Son los tontos que nos tocan, no hay que darle más vueltas. Hace unos años había una organización cuya mayor habilidad era encontrar a los psicópatas y sociópatas que, por porcentaje, nos correspondían en Euskadi, y convencerles de que el nacionalismo vasco se defendía con tiros en la nuca. Hoy, quienes no distinguen un fascista de su cara en el espejo, spray en mano, acosan a las personas refugiadas que han huido de Ucrania por culpa de Putin. Lo más gracioso (porque es de chiste) es que nos intentarán convencer de que lo progre, lo justo, es solidarizarse con una potencia invasora y criminal como Rusia.

Fachas del norte

El resultado de las elecciones en Francia, que no había que ser muy avispado para adivinar, me deja sin embargo un par de dudas que no tiene nada que ver con la política del país al norte de Euskadi ni con la elección de sus votantes. La primera: ¿por qué una parte de la prensa y de las tuiteras y tuiteros nos intentan hacer creer siempre que hay una gran esperanza progresista, como Melenchon o Sanders que, al final, no llega a nada?

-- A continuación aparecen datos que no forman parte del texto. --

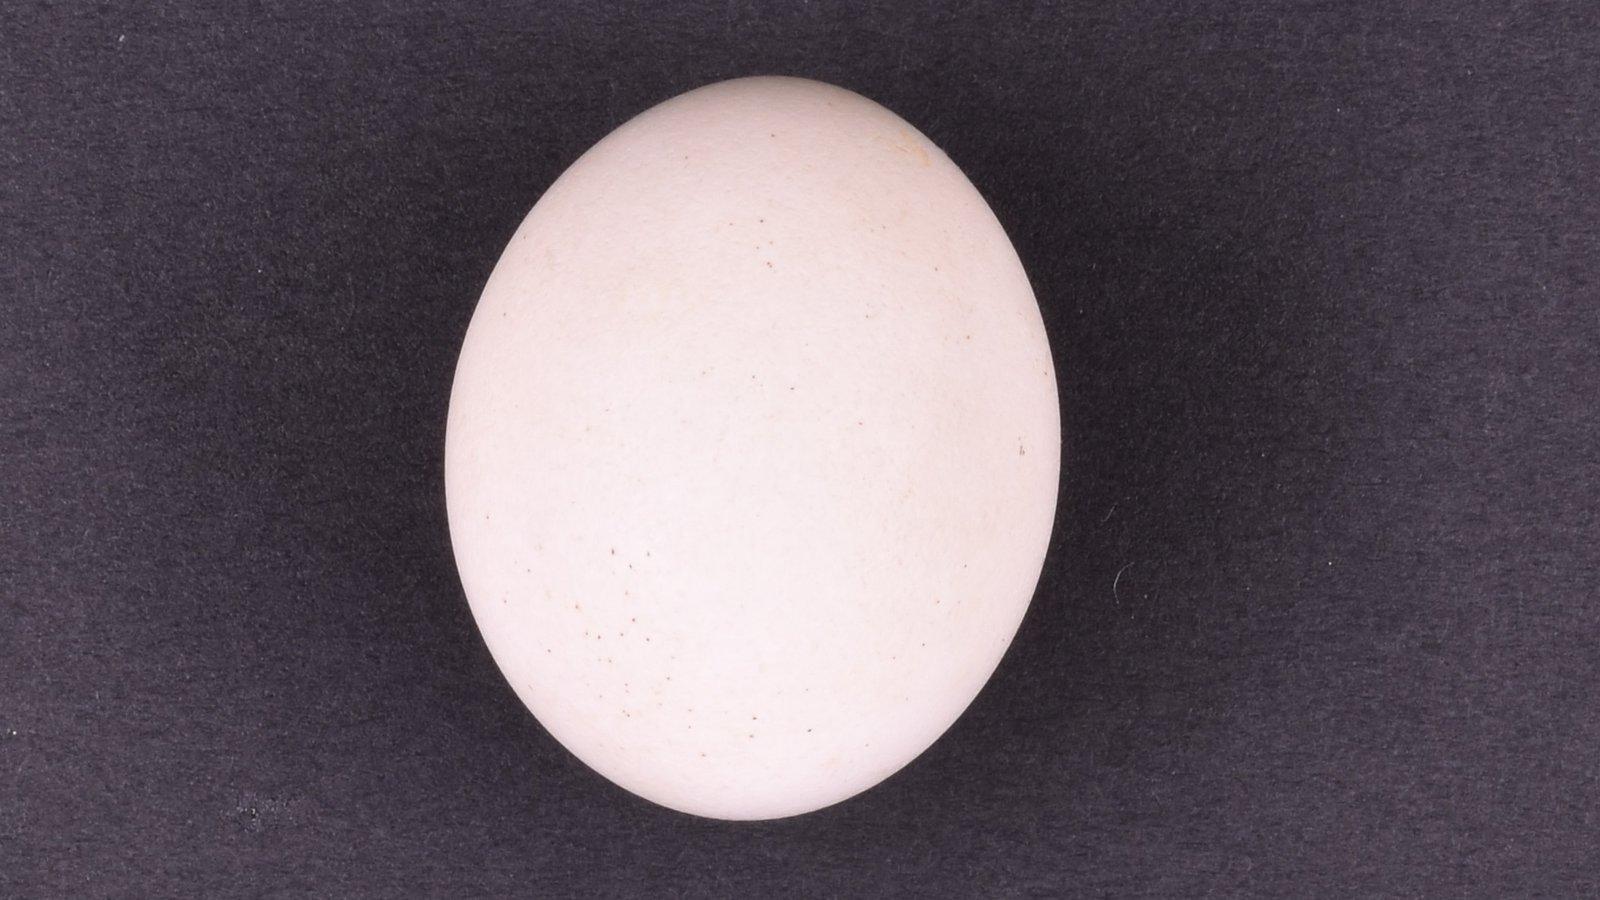 Eastern Rosella (Platycercus eximius) egg

Y la segunda, que tiene que ver con la primera: ¿por qué después casi los mismos “clarividentes” nos sugieren que quien vota a Melenchon o Sanders puede hacerlo también por Le Pen o Trump?

Fachas del sur

Mientras en Francia llaman a las cosas por su nombre y eso facilita tanto que Le Pen no tenga ninguna opción en la segunda vuelta como que la ultraderechista llegue sin problemas a la ronda definitiva y en Euskadi, como ya hemos visto, tenemos a los tontos con spray que todos sabemos quiénes son (y qué votan), en España, por su parte, siguen presentando a la fascistada como una opción legítima de gobierno: “el ‘efecto Feijóo’ acerca al PP al Gobierno con Vox”, titulan en El Periódico de España, como si pactar con la ultraderecha estuviese normalizado. ¿O para que lo esté? ¿Eso no sería colaboracionismo?

Con detenimiento

Los tuits que han sacado en Abc de la entrevista al propio Núñez Feijóo el fin de semana antes de que el PP meta a Vox en un gobierno (en este caso, en Castilla y León), son para leerlos con detenimiento: “Hay que bajar impuestos para dar oxígeno a las familias”. Bueno, pues los impuestos son los que han enriquecido a familias como Medina y Luceño. “El bilingüismo cordial es el ‘no’ a la inmersión lingüística en Cataluña”. Es decir: negarte a la imposición del español es de mala educación. El gallego también cree que “deberíamos normalizar” que Juan Carlos I vuelva a España impune, como salió pero riéndose más de nosotros, básicamente.

Lo normal es trincar

Hablando del que vive de los impuestos de la ciudadanía de la Comunidad de Madrid: dice Luis Medina que su comisión de un milloncejo para comprarse un yataco con el dinero de la venta de material sanitario defectuoso en lo peor de la pandemia, es normal. “No hay irregularidad alguna”. Y concluye: “La fiscalía, y sabes, que son todos de izquierdas y así actúan”. Luz Sánchez-Mellado le traduce: “Rojos de mierda, dejadme vivir, o sea”. Y yo, le interpreto: si en la fiscalía hubiese gente decente, es decir, españoles de derechas, no pasaría nada porque unos millones de comisión, entre gente de bien, se protegen.